0

Types of bonds

  • Convertible bonds or convertible debentures are those that can be converted into some other kind of securities, usually common stock in the corporation that issued the bonds.
  • Fixed-rate bonds, where the interest rate remains constant throughout the life of the bond.
  • Floating-rate bonds, with a variable interest rate that is tied to a benchmark such as a money market index. The "coupon" is then periodically reset, normally every three or six months.
  • High-yield bonds are bonds that yield more than investment grade bonds. The usual reason a company has to pay more interest on their debt is that the company has poor credit rating, which means it is considered a high risk investment. Bonds with a poor credit rating are sometimes known as junk bonds. Junk bonds of companies that previously had higher credit ratings are sometimes known as fallen angels. Other companies have lower credit ratings because they are relatively unknown and haven't established enough of a track record to qualify for lower interest loans. Equity techniques are often used for the analysis of high-yield bonds, as they tend to share more characteristics than investment grade bonds. Different credit analysis techniques, such as researching the covenants of the bonds, are also considered much more important than with investment grade bonds.
  • Zero-coupon bonds, which do not bear interest, as such, but are sold at a substantial discount from their par value.
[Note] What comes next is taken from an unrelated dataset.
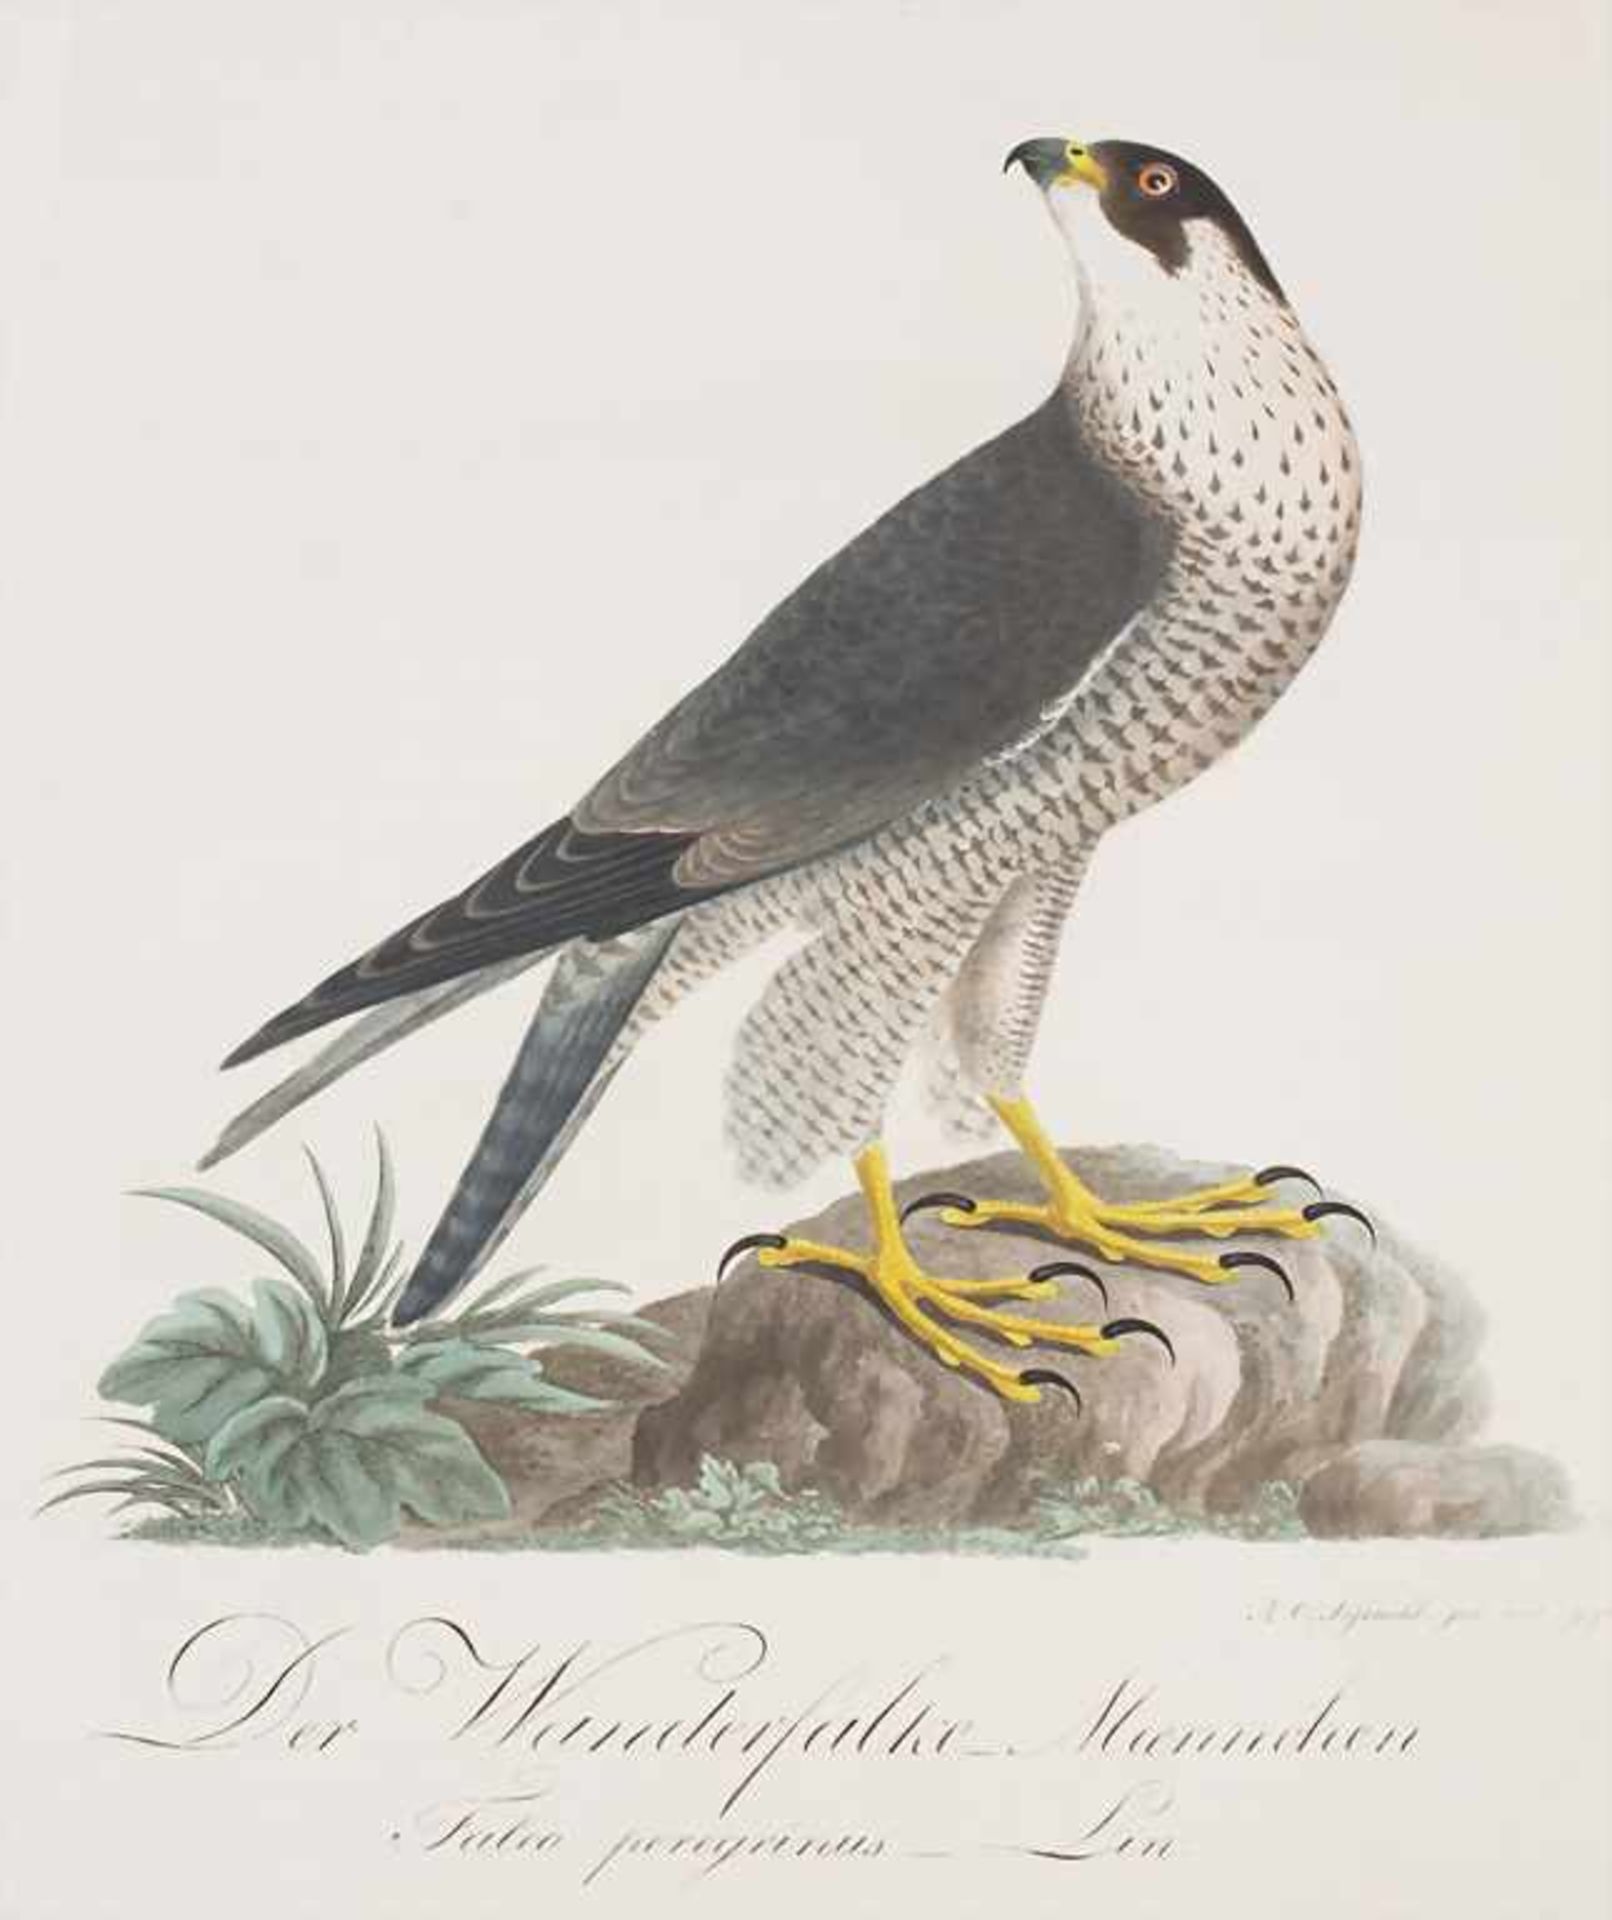 J.C. Susemihl (1767-nach 1848), 'Teutsche Ornithologie oder Naturgeschichte aller VögelTechnik: 20 - Image 6 of 17

The bondholder receives the full face value at maturity, and the "spread" between the issue price and redemption price is the bond's yield. (Series E savings bonds from the U.S. government are zero-coupon bonds.) Zero-coupon bonds may be created from normal bonds by finance institutions "stripping" the coupons (the interest part of the bond) from them - that is, they separate the coupons from the principal part of the bond and sell them independently from each other.
  • Inflation-indexed bonds, in which the principal (or "face" value) is indexed to inflation, which causes higher interest payments (interest is calculated as the coupon rate multiplied by the principal amount). TIPS (Treasury Inflation-Protected Securities) and I-bonds are examples of inflation indexed bonds issued by the U.S. government.
  • Securitized bonds whose interest and principal payments are backed by an underlying cash flow from another asset. For example, if a credit card company needs immediate cash to lend to credit card holders, they can issue a bond that is backed by the credit card payments. Another large market of securitized bonds are mortgage backed debt.
  • Subordinated bonds are those that have a lower priority than other debts of the issuing corporation, so if there is not enough money to pay all the company's debts, the "senior" (higher-priority) bonds are paid first, and the subordinate bonds are paid out of what money, if any, is left. These priority levels are called 'tranches', and many bonds have more than two. In some cases, the tranches don't determine whether a bond holder will be paid, but rather how fast they will be paid. For example, if the bond is a mortgage, the senior tranche might receive any funds that are prepaid by the debtor.
  • Perpetual bonds are also often called annuities. The most famous of these are the UK Consols, which are also known as Treasury Annuities or Undated Treasuries. They have no maturity date and still trade today despite, for example, dating to 1888 for the specific Consols known as the Treasury 2.5% Annuities. The concept of perpetual bonds also serves a useful purpose in that it represents an extreme case of a bond having only a cash flow and no re-payment of principal, being the theoretical opposite in many ways of a Zero-coupon bond which has no cash flow during the life of a bond and has only a re-payment of principal against a purchase price at a discounted par value. Perpetual bond concepts thus serve an extremely useful purpose, along with Zero-coupon bond concepts, for estimating the volatility of many other bond types having characteristics falling between the extremes of perpetual bonds and Zero-coupon bonds under conditions of variable yields, variable maturity dates, and variable basis point shifts that may occur during the life of a bond.

By issuer

  • Government bonds ("sovereign bonds"), are issued by national governments.
    • Germany. Bunds are bonds issued by the German government.
    • United Kingdom. Gilts are bonds issued by the government of the United Kingdom in sterling.
    • US. Treasury bonds.
    • Municipal bonds are issued by local governments in the US.